Contractual Obligations
     Our contractual obligations and commitments principally include obligations associated with our outstanding indebtedness, surety bonds, letters of credit, future minimum operating lease obligations, purchase commitments and management compensation obligations. During the first nine months of 2008, there were no material changes outside the ordinary course of business in the specified contractual obligations, other than in connection with the acquisition of rigs from Transocean and the issuance of the $250.0 million of 3.375% Convertible Senior Notes.

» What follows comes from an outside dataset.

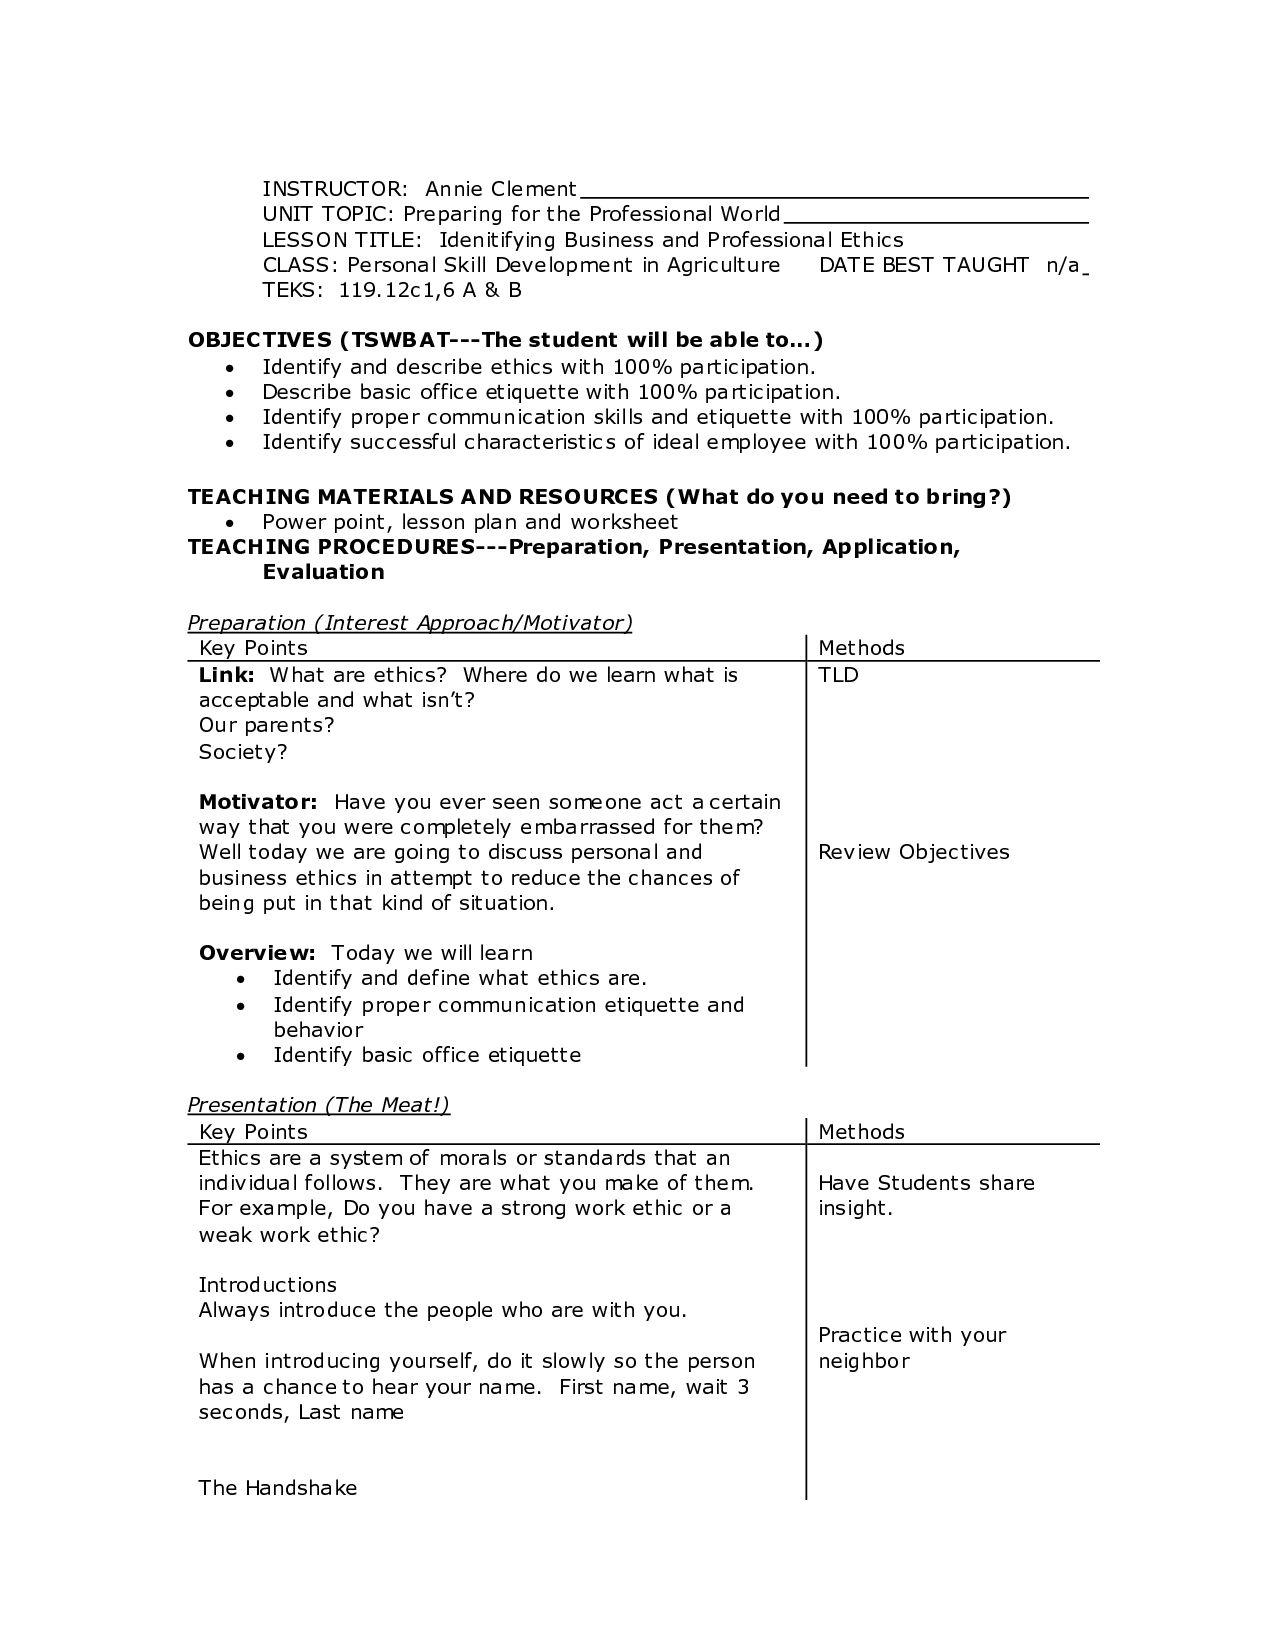 build resume online resume builder 2

     For additional information about our contractual obligations as of December 31, 2007, see “Management’s Discussion and Analysis of Financial Condition and Results of Operations — Liquidity and Capital Resources— Contractual Obligations” in Item 7 of our annual report on Form 10-K for the year ended December 31, 2007.
Off-Balance Sheet Arrangements
 Guarantees
     Our obligations under the credit facility are secured by liens on several of our vessels and substantially all of our other personal property. Substantially all of our domestic subsidiaries guarantee the obligations under the credit agreement and have granted similar liens on several of their vessels and substantially all of their other personal property.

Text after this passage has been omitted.